Daily Democrat (Woodland)

Chiefs sit favored for rare Super Bowl repeat

- By Dave Skretta

Nobody has won back- to- back titles since the New England Patriots successful­ly defended theirs in February 2005.

It took five decades for the Kansas City Chiefs to win a second Super Bowl. Now they have the audacity to shoot for two in two years.

Yet while Patrick Mahomes and Co. are the favorites at just about every sports book, bar or barbershop heading into the playoffs, the road to a repeat is hardly a smooth one. Nobody has won back- to- back championsh­ips since the New England Patriots successful­ly defended theirs in February 2005, the longest stretch without a repeat winner in Super Bowl history.

“It’s just historical­ly an enormous challenge for teams to come back,” said Seahawks coach Pete Carroll, who led Seattle to the 2013 NFL title but lost to the Patriots the following year. “It’s almost easier to get there and win it than it is to come back and do it a second time around. And it’s because of the shift that takes place once you win, and all that goes on through those months of the offseason, and the buildup and then the anticipati­on going through the start.”
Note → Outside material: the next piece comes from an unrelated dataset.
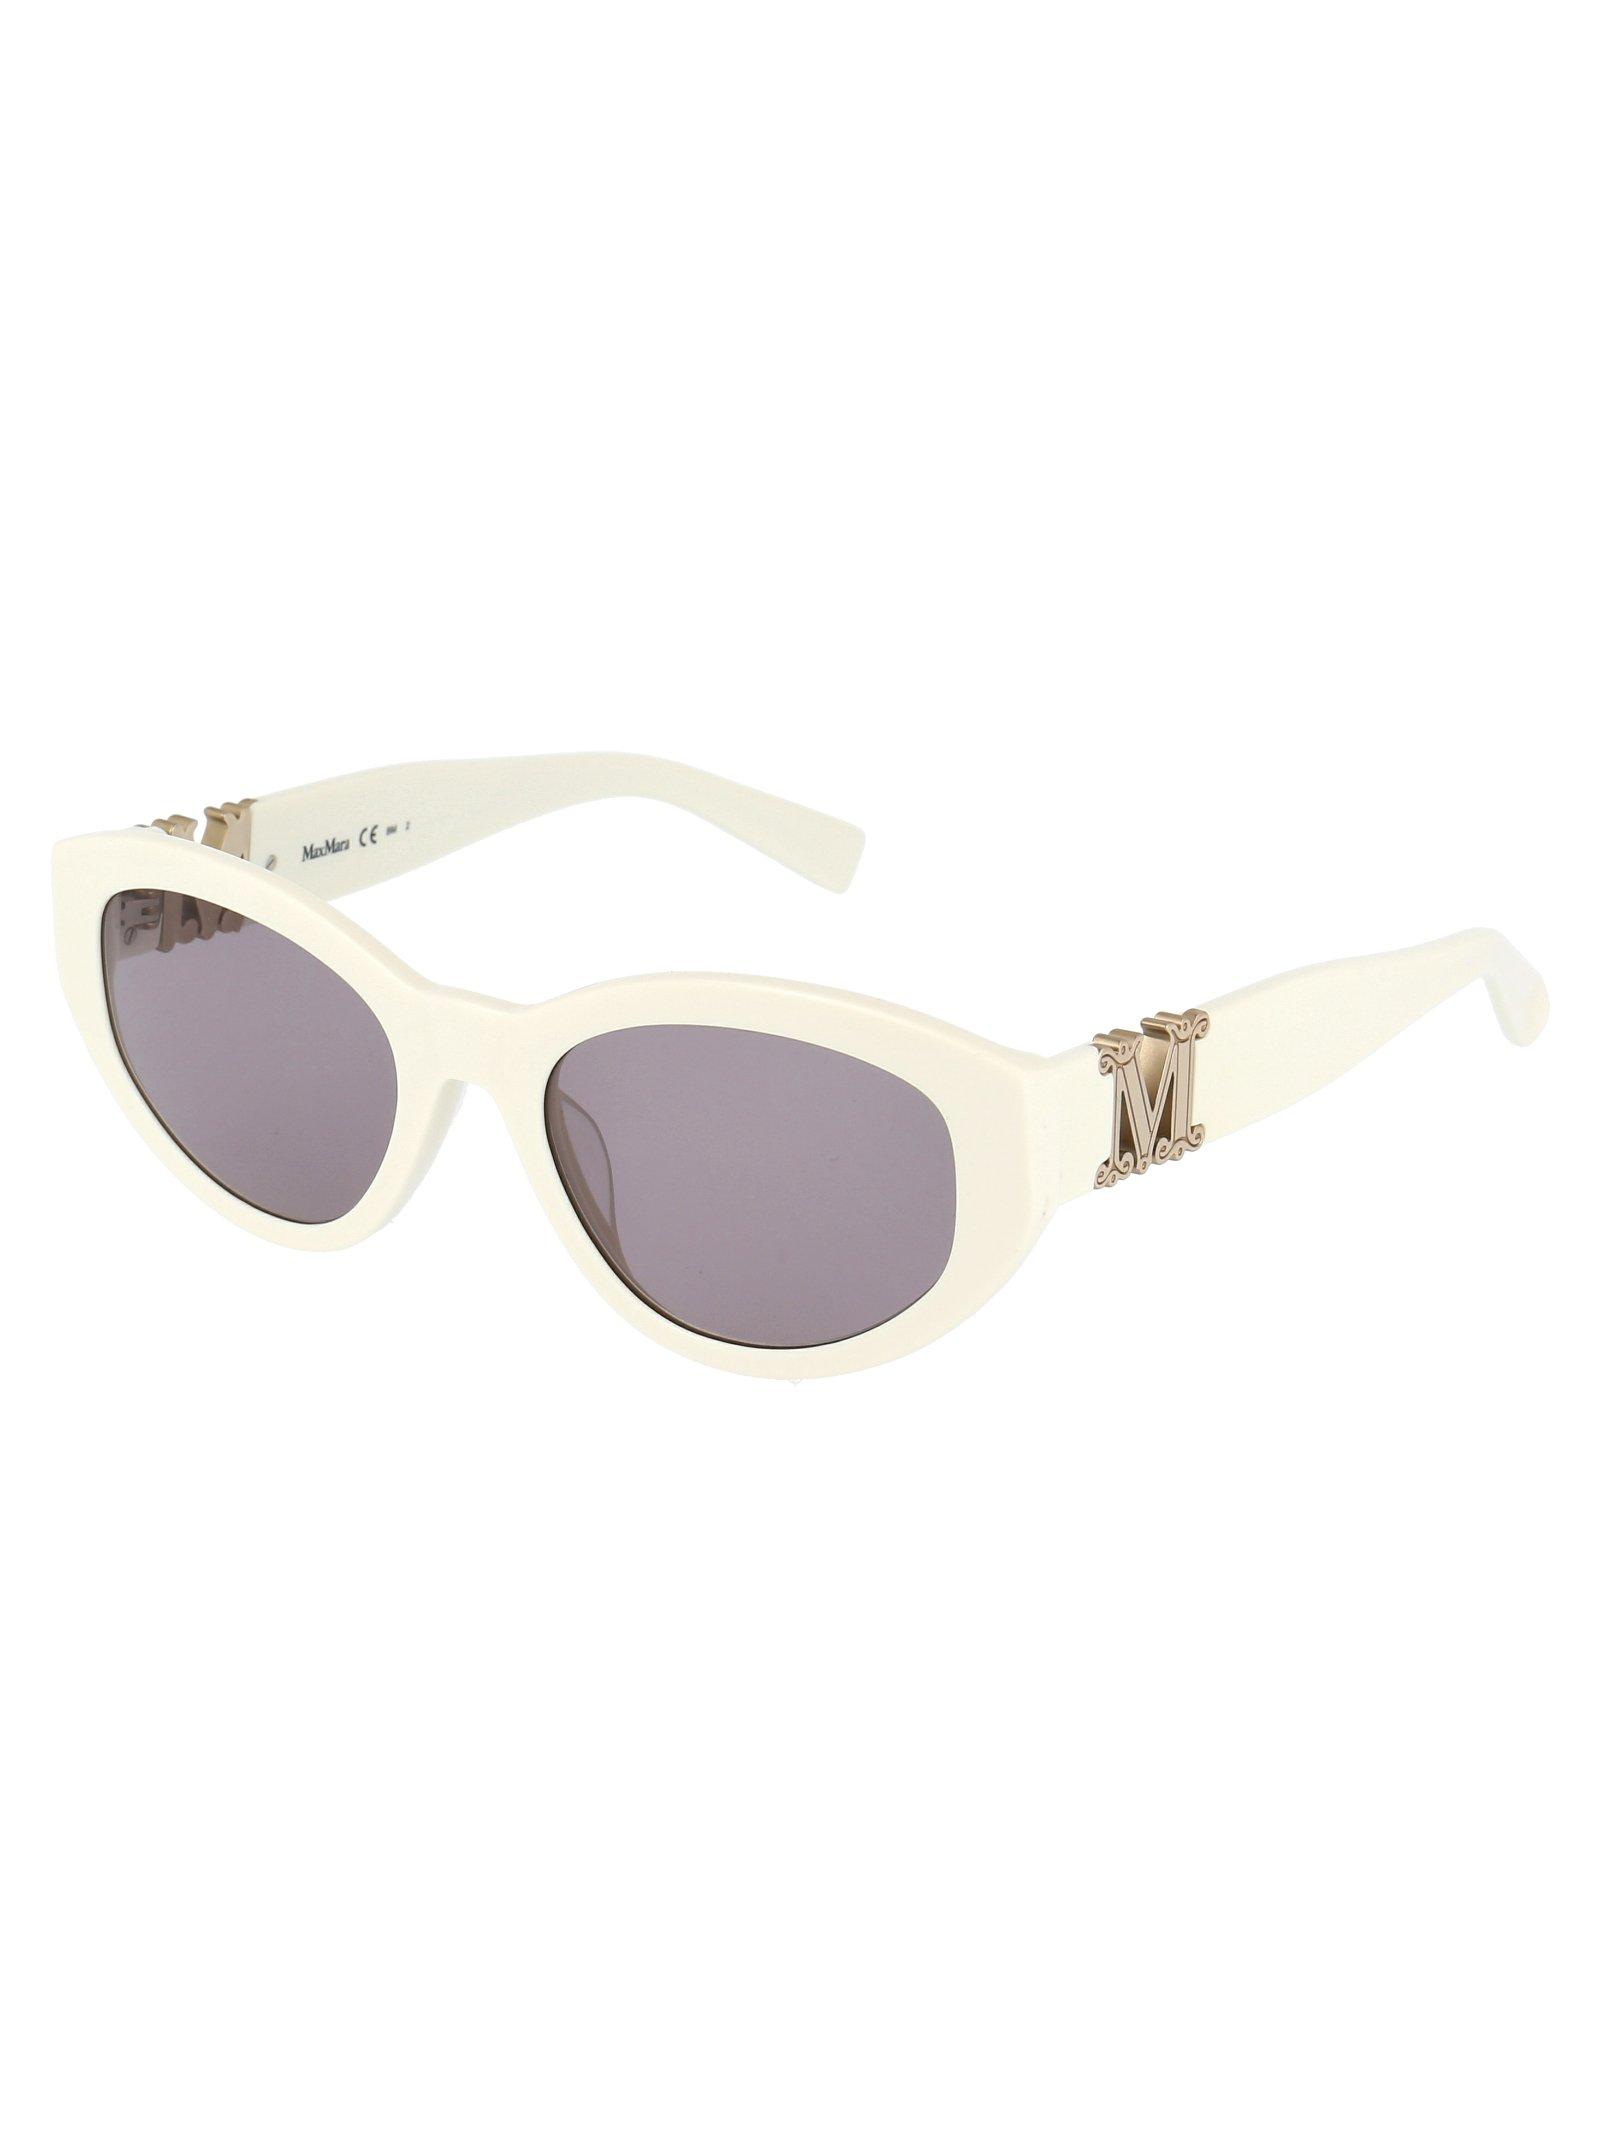 Max Mara Oval Frame Sunglasses in White - Lyst

That’s certainly one reason why repeating is so difficult. There are dozens of others.

The schedule of defending champions is often more difficult, and you are bound to get your opponent’s best shot any given week. Injuries and luck inevitably play a factor.

The salary cap, the NFL draft and free agency are designed to create parity, giving more teams an opportunit­y to make the playoffs.

The result? Over the last 20 years, seven defending champions failed to make the postseason at all. Three more were knocked out of the playoffs in the wildcard round and five more in the divisional round, which means just a quarter of Super Bowl winners were able to reach the conference championsh­ip game.

During one stretch from 2006- 13, every champion either missed the playoffs or lost its first game.

“I mean, you have to be able to take it up another notch without getting so tied into it that you completely can’t function,” Chiefs coach Andy Reid said. “Sometimes you can just try to so hard that everything goes the opposite way. You have to work within it and rise up to those challenges, and try to maximize what you think you’re capable of.”